Capítulo 17

La abadía

El asiento del conductor es bastante incómodo. Acelero ligeramente pero el trasto traquetea bruscamente. Türuten rueda por el suelo de acero y Stupiden se golpea la frente con el cañón del tanque. Estaba intentando ocupar el puesto de artillero. Sin embargo, ninguno de los dos protesta.

Poco a poco voy tomando el tranquillo a este monstruo. Mi modo de conducción es más suave, pero no es ningún mérito, con el pedal a fondo apenas avanzamos a cuatro o cinco kilómetros por hora.

Derribo algunos árboles que me impiden avanzar y no pocas veces nos atascamos en hoyos profundos. Cuando alcanzamos un terreno más llano, las cadenas resbalan por el viscoso barro y nieve sucia.

–¿Hacia dónde vamos? – me pregunta Türuten a gritos para que pueda oírle.

–Hacia el sur. Tenemos que poner tierra de por medio. Supongo que allí no habrá alemanes ni franceses partiéndose la cara como animales. Lo importante ahora es largarse de aquí a toda pastilla.

A través de la pequeña ventanilla que me permite ver algo, como corresponde a un conductor, observo un claro del bosque. Es un prado grande y blanco, inmaculado como una sábana de hospital e intacto todavía por la guerra.

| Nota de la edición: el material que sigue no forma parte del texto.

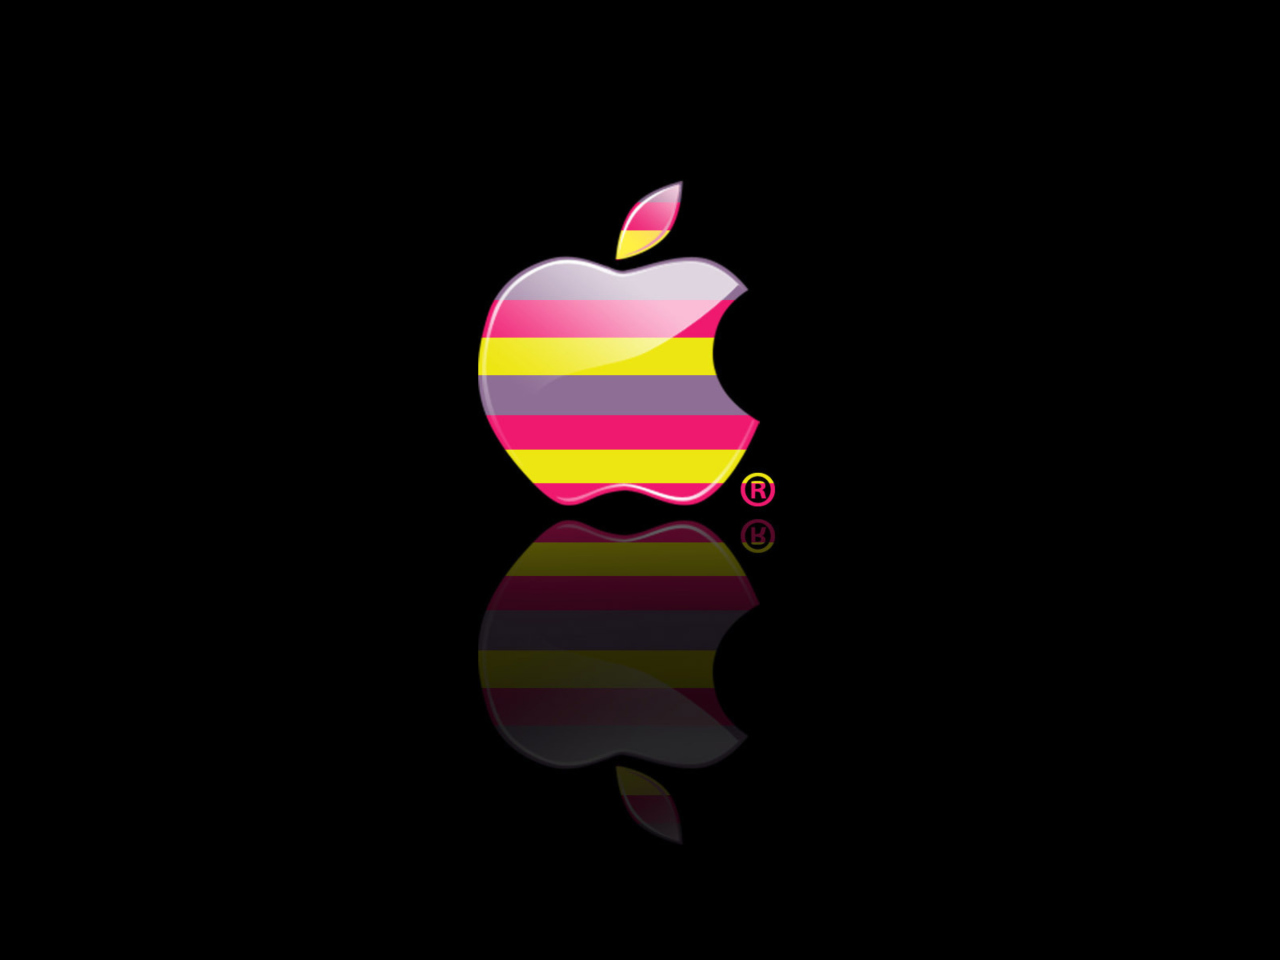 Colorful Stripes Apple Logo wallpaper 1280x960
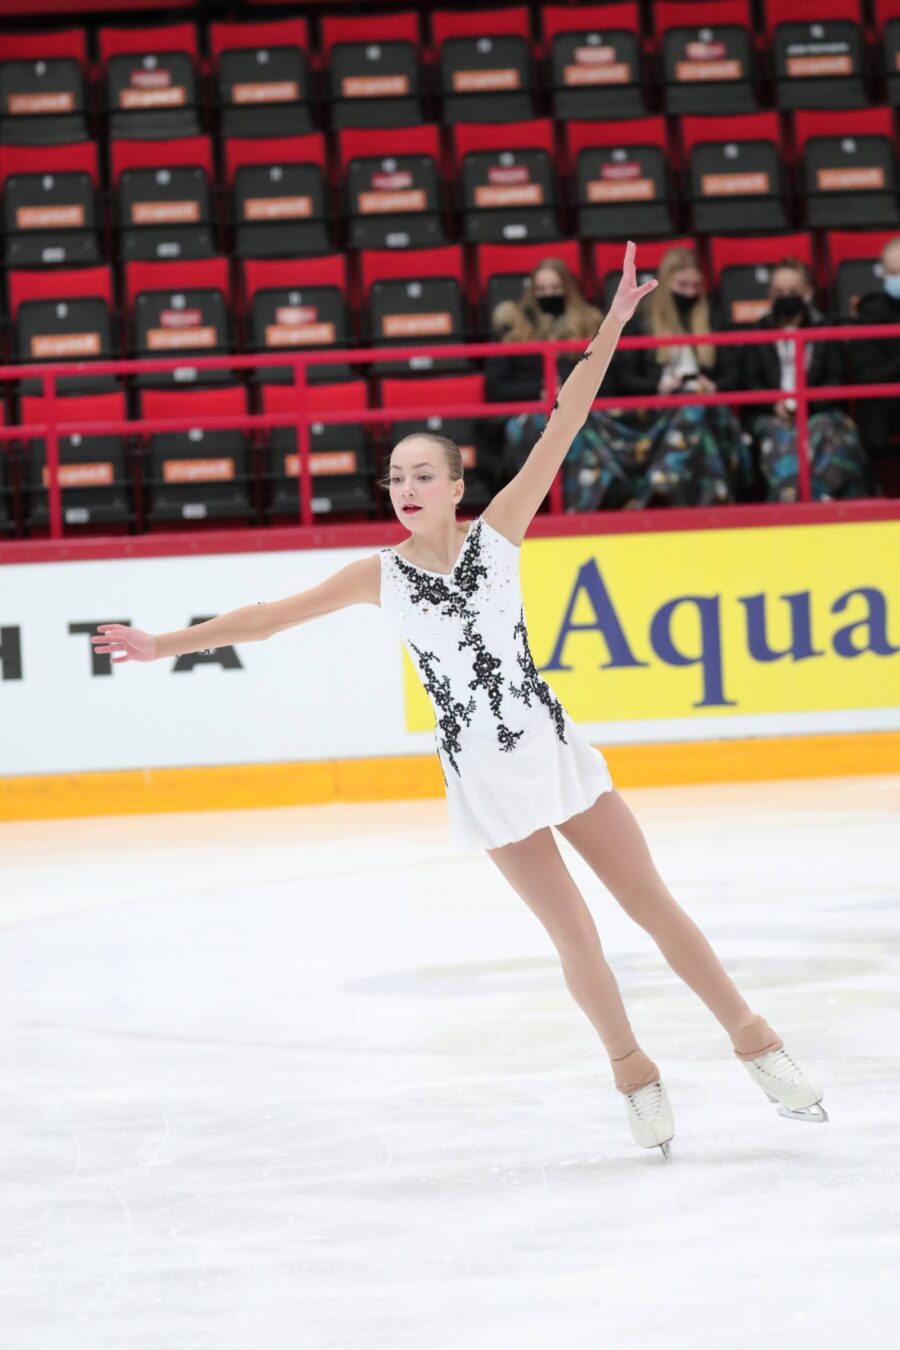 Espoon Jäätaitureiden Petra Lahti sai juniorityttöjen SM-hopeaa pisteillä 151,83.

Ni rastro de soldados franceses ni alemanes. Pongo rumbo a mismo. Estoy harto ya de tanto árbol y tanto bache ¡Error!

Nos hemos expuesto a miradas indiscretas. Un tanque no debe quedar a la vista de todo el mundo y menos esta tartana grotescamente grande y lenta como una tortuga con reuma.

Para rematar la faena, un olor a petróleo comienza a apestar todavía más el aire irrespirable.

–Se ha debido romper algún depósito de combustible con tanto ajetreo. Va a ser cuestión de apearnos. Como esto se pegue fuego vamos a asarnos aquí dentro.– les grito a estos dos.

Nos asfixiamos. Instintivamente abrimos la trampilla superior para tomar sorbos de aire limpio y fresco. Pero pronto tenemos que cerrarla a toda prisa. Un par de aviones “de los nuestros” nos han descubierto. Uno de ellos es rojo como un tomate campero.

–Mira, imbécil, – le grito a Stupiden. –¿No tenías tantas ganas de besar a tu querido Barón Rojo? Pues él te va a dar un beso en las nalgas. ¡Manda cojones!–

No tardan en picar sobre nosotros. Algunas balas rebotan contra el blindaje pero otras penetran en él sin mayor problema. Este trasto no podrá soportarlo. En el fondo no es más que un tractor con algunas planchas delgadas de acero como blindaje y unas cadenas estúpidamente grandes.

Türuten intenta cargar la ametralladora para hacerles frente pero es detenido en el acto por Stupiden.

–¿Qué vas a hacer, botarate? ¿No ves que son de los nuestros? –

–Son ellos o nosotros. ¿No lo ves? – protesta el chico.

–Es el Barón Rojo. Ni cien como nosotros vale lo mismo que él. –

Apago el motor. Estoy aterrorizado. Si alguna bala de las que nos impacta produce alguna chispa, el combustible estallará.

–Cuando se alejen un poco para dar la vuelta y volver al ataque saldremos a escape del tanque. Alejaros lo máximo posible. – les digo sin dejar de gritar. Mi voz suena como con eco en el interior del trasto este una vez que se ha hecho el silencio tras apagar el condenado motor.

Saltamos cada uno por una portezuela en direcciones opuestas. Los aeroplanos vuelven a la carga. Un tanque no es una pieza menor para esos coleccionistas de muerte.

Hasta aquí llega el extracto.